Personal information
- Full name: Charles Christopher Ellison
- Born: 11 February 1962 (age 64) Pembury, Kent, England
- Batting: Right-handed
- Bowling: Right-arm medium
- Relations: Richard Ellison (brother) Henry Ellison (grandfather) Charlie Ellison (nephew)

Domestic team information
- 1982–1986: Cambridge University
- 1984–1988: Wiltshire

Career statistics
| Competition | First-class | List A |
| Matches | 23 | 5 |
| Runs scored | 268 | 3 |
| Batting average | 17.86 | 3.00 |
| 100s/50s | –/2 | –/– |
| Top score | 51* | 1* |
| Balls bowled | 3,026 | 169 |
| Wickets | 39 | 0 |
| Bowling average | 35.46 | – |
| 5 wickets in innings | 1 | – |
| 10 wickets in match | – | – |
| Best bowling | 5/82 | – |
| Catches/stumpings | 7/– | –/– |
- Source: Cricinfo, 27 June 2019

= Charles Ellison (cricketer) =

English cricketer

Charles Christopher Ellison (born 11 February 1962) is an English former cricketer.

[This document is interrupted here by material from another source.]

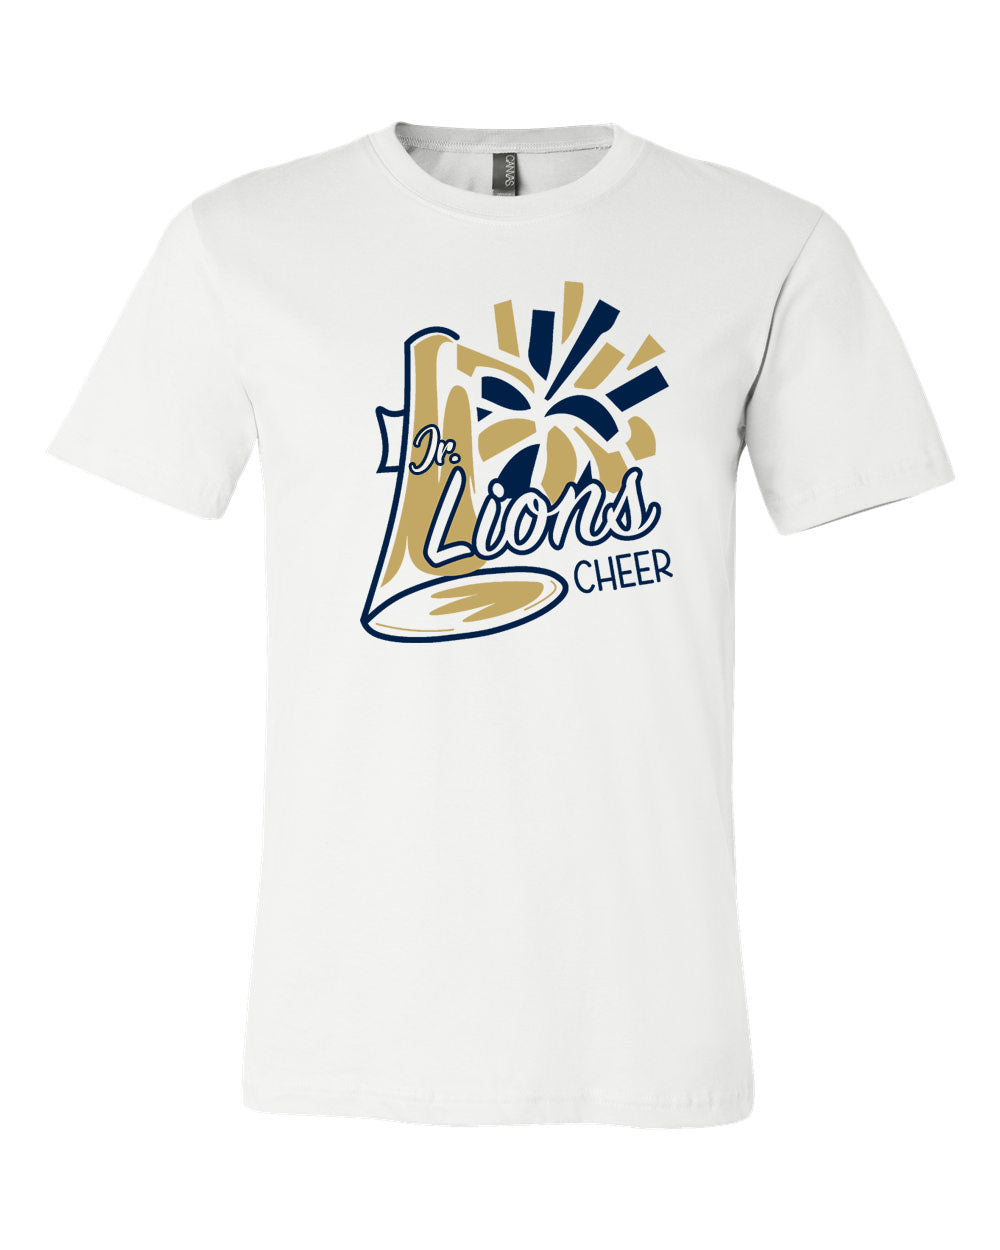 Jr Lions Cheer design 2 T-Shirt
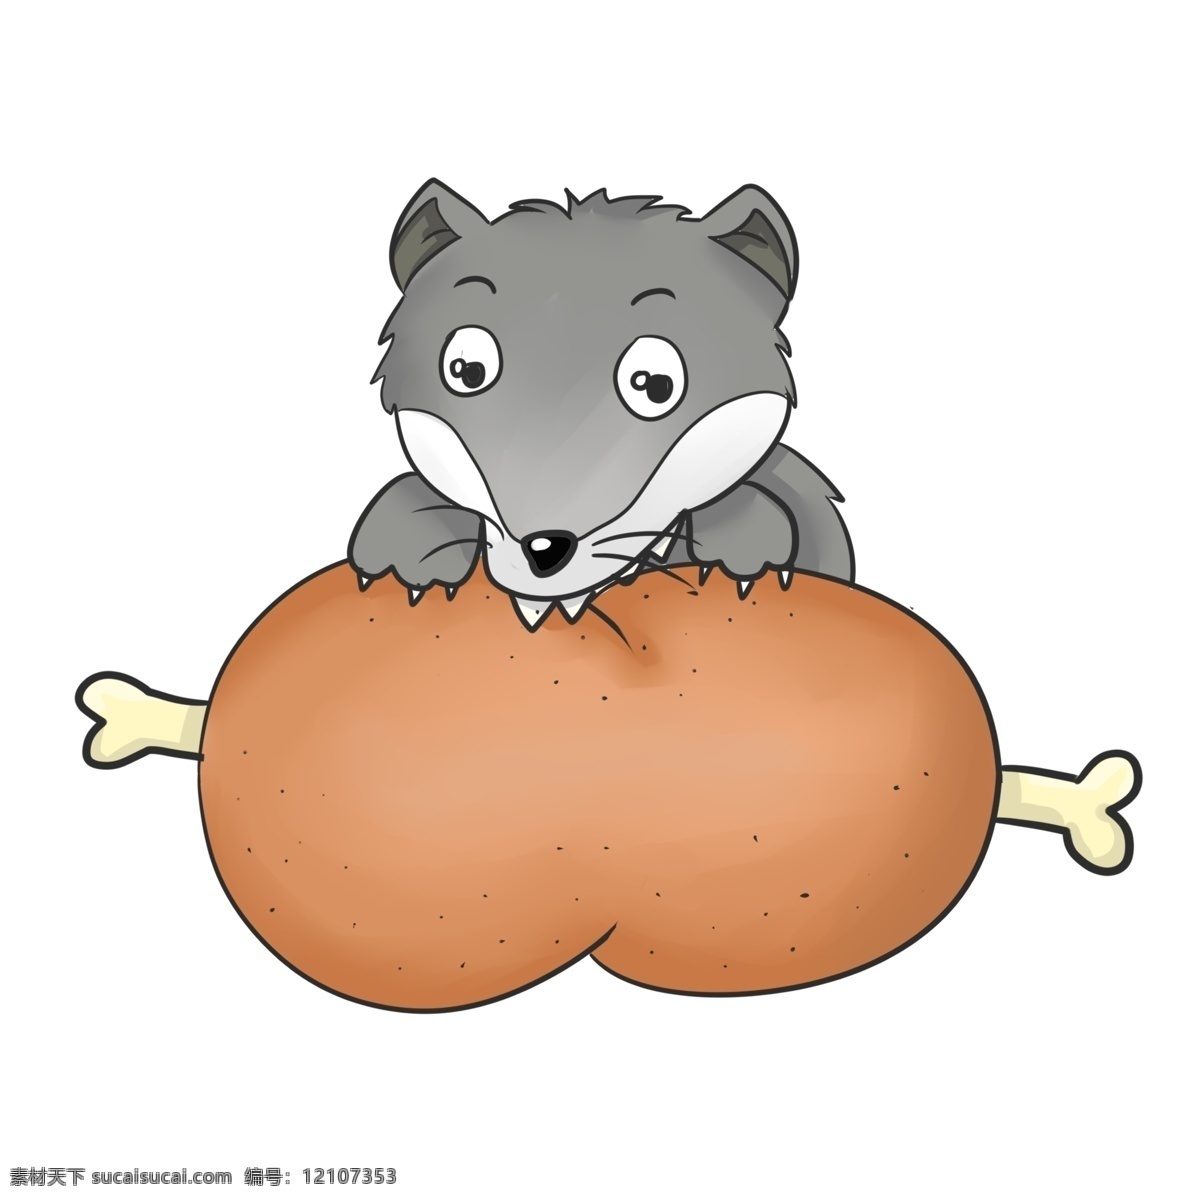 正在 啃 肉 狼 插画 一只狼 卡通狼 正在啃肉的狼 啃肉的狼 鸡腿 一个大鸡腿 狼吃肉插图

Ellison was born at Pembury in February 1962 to Peter and Bridget Ellison. He was educated at Tonbridge School, before going up to the University of Cambridge where he studied at both Peterhouse and Homerton College. While studying at Cambridge, he made his debut in first-class cricket for Cambridge University against Glamorgan at Fenner's in 1982. He played first-class cricket for Cambridge until 1986, making a total of 23 appearances. Most notably he dismissed Graham Gooch for 99 on the first day of the 1985 season. Ellison scored a total of 268 runs in his 23 matches, with a high score of 51 not out. With his right-arm medium pace bowling, he took 39 wickets at an average of 35.46, with best figures of 5 for 82. These figures, which were his only first-class five wicket haul, came against Leicestershire in 1986.

In addition to playing first-class cricket, Ellison also played List A one-day for the Combined Universities cricket team, making five appearances in the Benson & Hedges Cup between 1982 and 1986. He also played minor counties cricket for Wiltshire between 1984 and 1988, making eleven appearances in the Minor Counties Championship. His older brother, Richard, played Test cricket for England. His grandfather, Henry Ellison, and nephews, Charlie Ellison and Harry Ellison, both played first-class cricket.